One day I got myself lost in what was a very small town. It was an afternoon in late spring, and the sun was beginning to bake. I was walking through a labyrinthine part of the town, having followed a twisting road that was taking me nowhere. There was not a living soul in sight. Just then, as I stood in the middle of the roughly cobbled road wiping my forehead with a handkerchief, I saw the door of a house opening.

A well-dressed middle-aged man emerged into the sunlight, turned on his heels, extracted a bunch of keys from his pocket, and proceeded to lock the door. Click, turned the bolt, click, click, three times in the noonday stillness. It sounded like he was making quite a job of it. He then took hold of the door handle and shook it – whoever has owned a house will recognize the gesture – to check how thoroughly the door had locked. Then he crossed the front garden and eased himself out of the gate, which again he set himself to locking. Again it was three turns for a well-oiled bolt, and at the sound of the last I approached him.

“I was looking for…” I said in polite Italian, naming the street I had been trying to find. The man looked at me with what I thought was a flicker of interest, but was in no hurry to reply. When he finally did, his reply was this:

“I’m not from round here.”

Some years later I found myself in the same town, this time in the high heat of late July. Not a leaf stirred; the dogs lay sleeping; the morning sun blinded the passerby like a blazing strip of magnesium. I noticed some workmen, maybe five or six, on the scaffolding attached to a large brick house, painting and plastering away under the direction of a man who was evidently the foreman on the site. I wished him good morning.

“Good morning,” the foreman replied.

Then I turned my back on him and his building site, but as I had to wait for a friend who said he would be meeting me there, I remained within earshot, strolling up and down the narrow lane’s shady side to pass the time. At length I saw an elderly man, of average height, with a reddish face and a protruding stomach, wearing the clothes of a prosperous farmer, who approached the building site and wished the foreman good morning same as I had.

“Good morning,” replied the foreman.

“Hard at work, are you?” said the farmer in dialect. Though visibly peeved at the mention of work, the foreman hesitated. Yet to make no reply would have been an unwarranted breach of courtesy, and he chose a middle road: “If God be willing,” he said in dialect.

“Why, of course,” said the farmer, with a nod at the cloudless sky. “In this kind of weather!” He had taken the foreman’s hint, it seemed, and this time avoided a direct and possibly tactless reference to work; yet, equally, he wished for the conversation to continue, and thought he was well within his rights to press on in this roundabout way.

The foreman glanced at the sky. The workmen, meanwhile, had become aware of the ongoing exchange, moving their brushes and trowels ever more slowly as one by one their faces turned to the visitor. The discussion was on the verge of becoming collective. “Eh!” said the foreman, trying once more to put an end to it without offending the stranger.

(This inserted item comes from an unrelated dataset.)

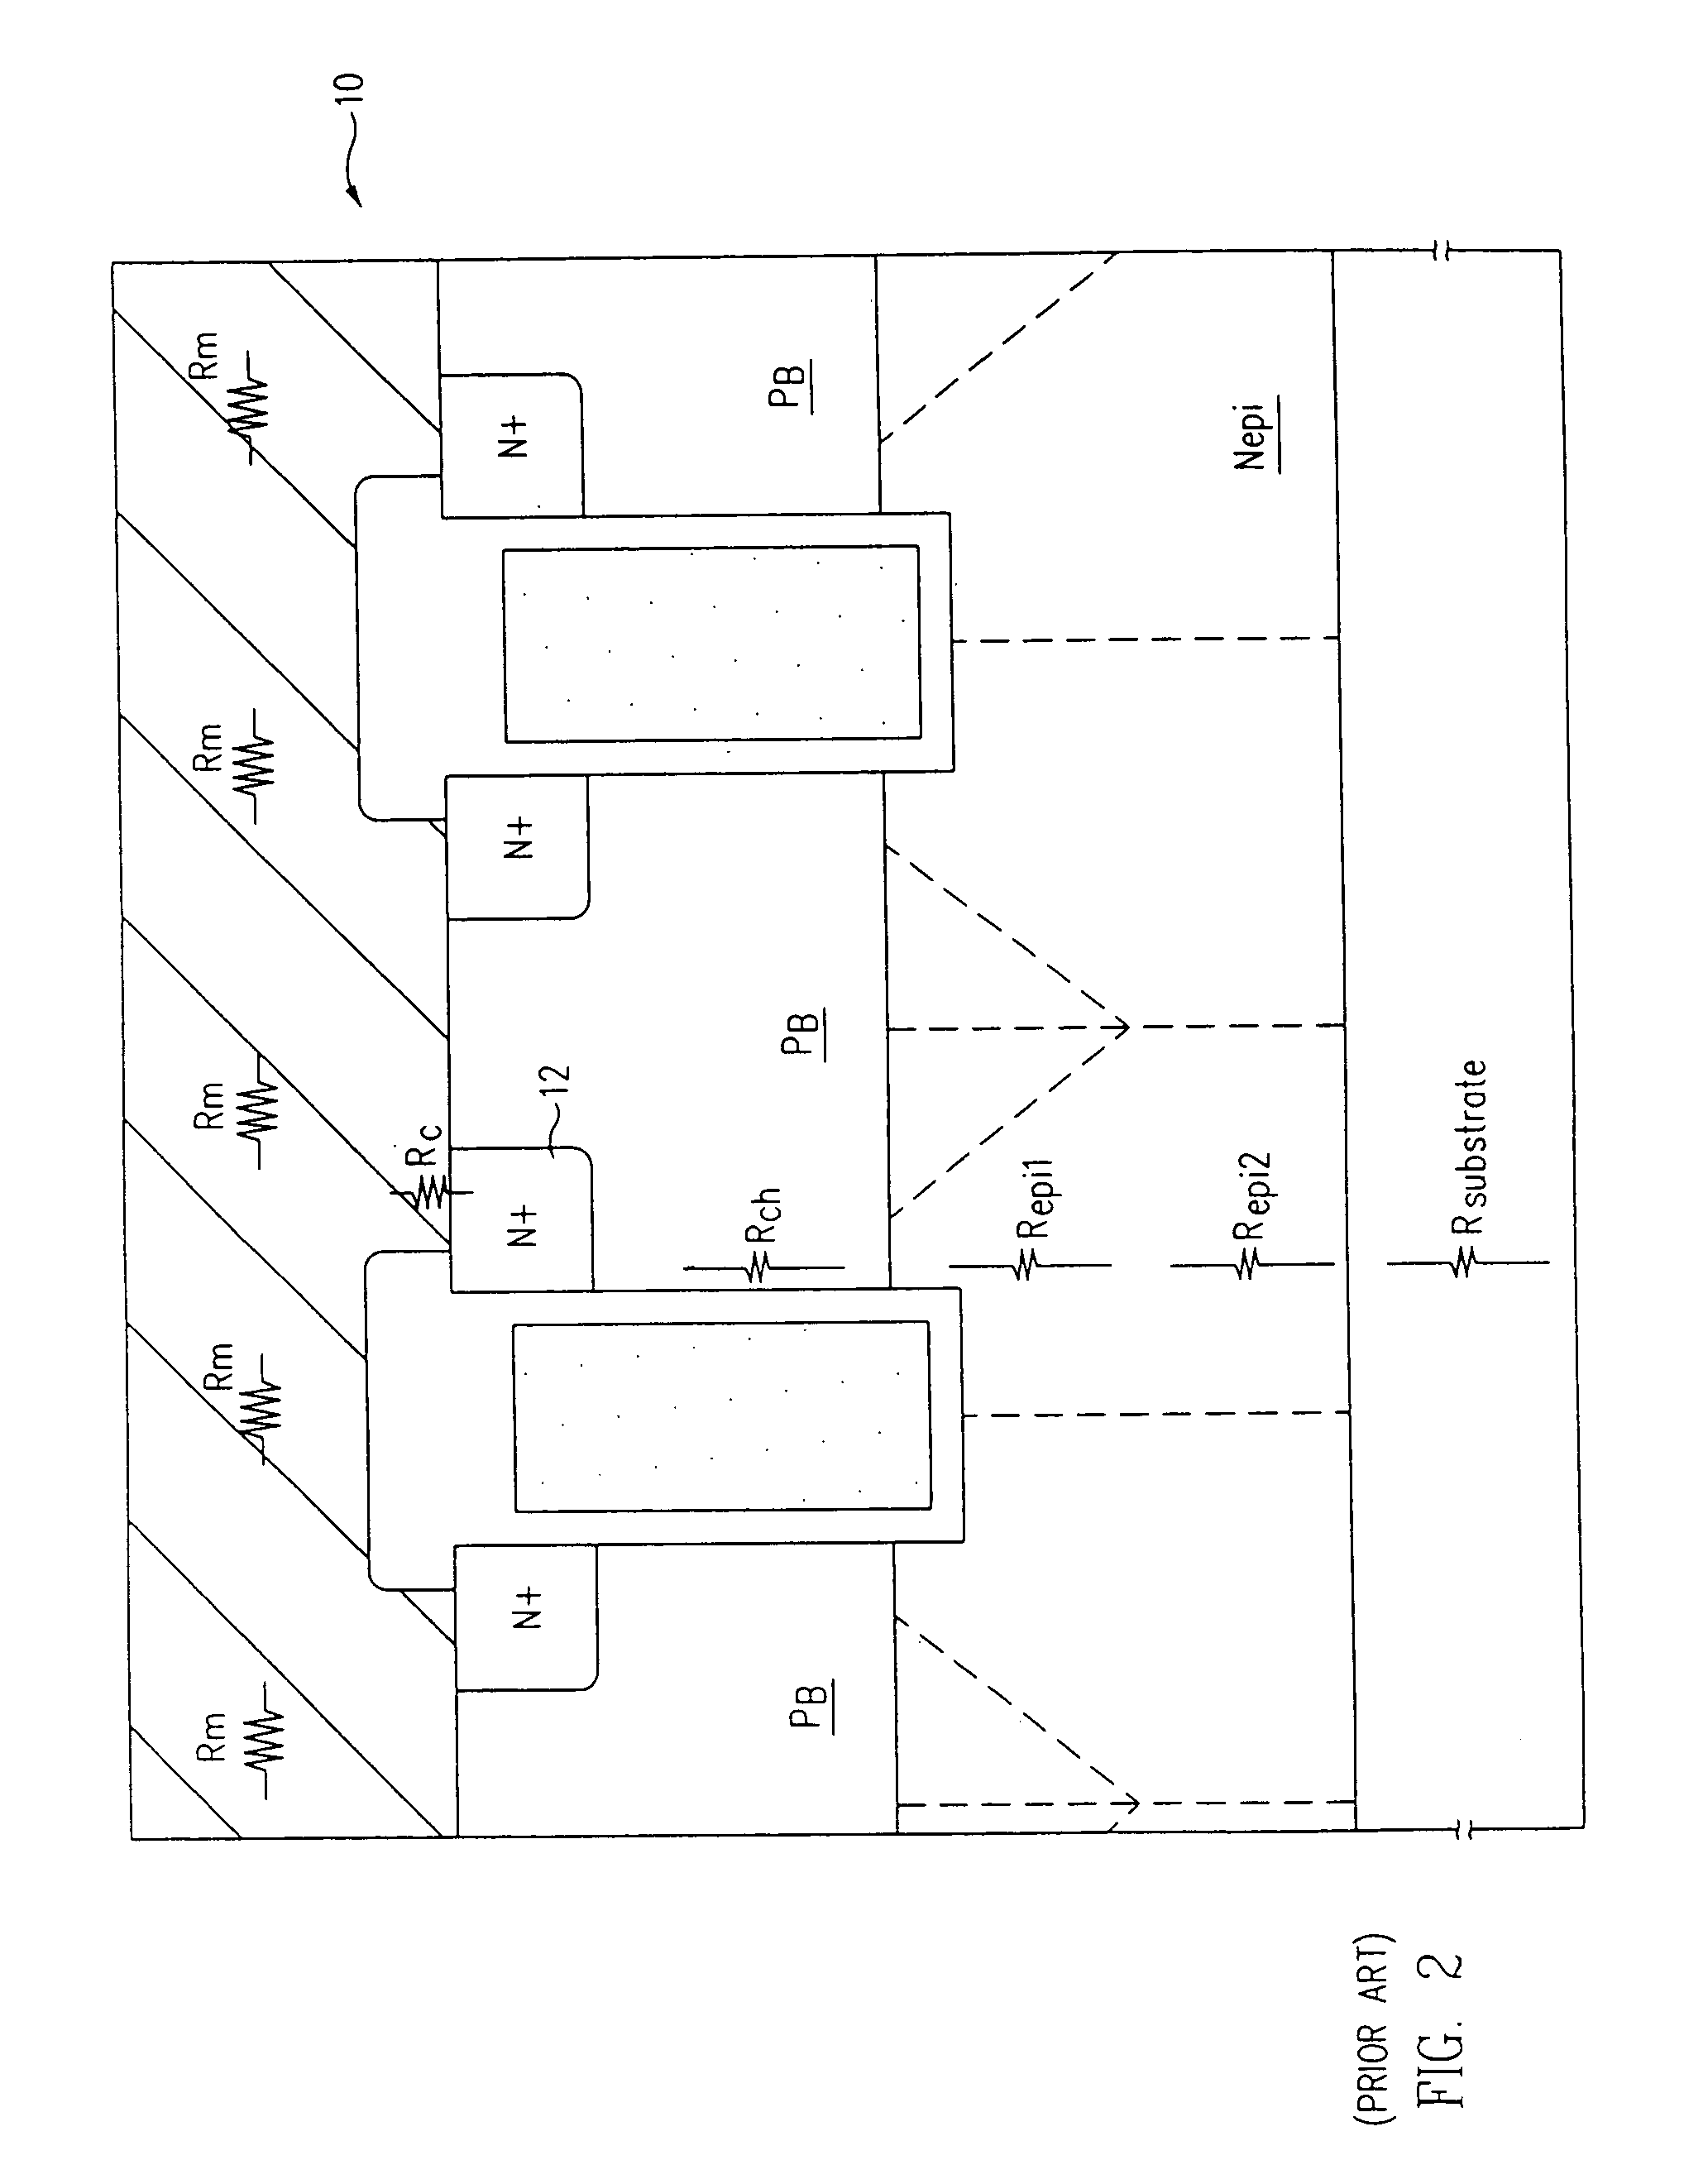 Method of forming trench transistor with chained implanted body including a plurality of implantation with different energies

But the stranger would not relent. “The weather’s fine just now,” he said after a short pause. Then, philosophically, with another sharp nod at the brilliant vault above: “Though it could always change.” And then, as if after another moment’s thought: “Which would do quite a bit of damage, I reckon.”

He really ought not to have said that, I reflected, because once again his interlocutor had been made to regard the travel agency brochure Sicilian azure of late July. Without a word to the stranger, and turning to the gang that had been transfixed, standing in various attitudes of astonishment all round him, the foreman commanded: “Pack it in, fellows. Looks like rain. Who knows what a lot of damage that might do.”

The stranger watched them pack up. Evident as it was that their work for the day had been scuttled, I decided to pass by the site once more, although this time I figured I had better say nothing. Not so the apparently idle farmer, who, now visibly satisfied with the diplomatic coup he had made, let fly of a common salutation in dialect: “Godspeed, then.” “Godspeed to you,” muttered the foreman, without turning his head to look at him.

A few minutes later the site was empty. I did not stay long enough to see why the stranger had wanted it that way.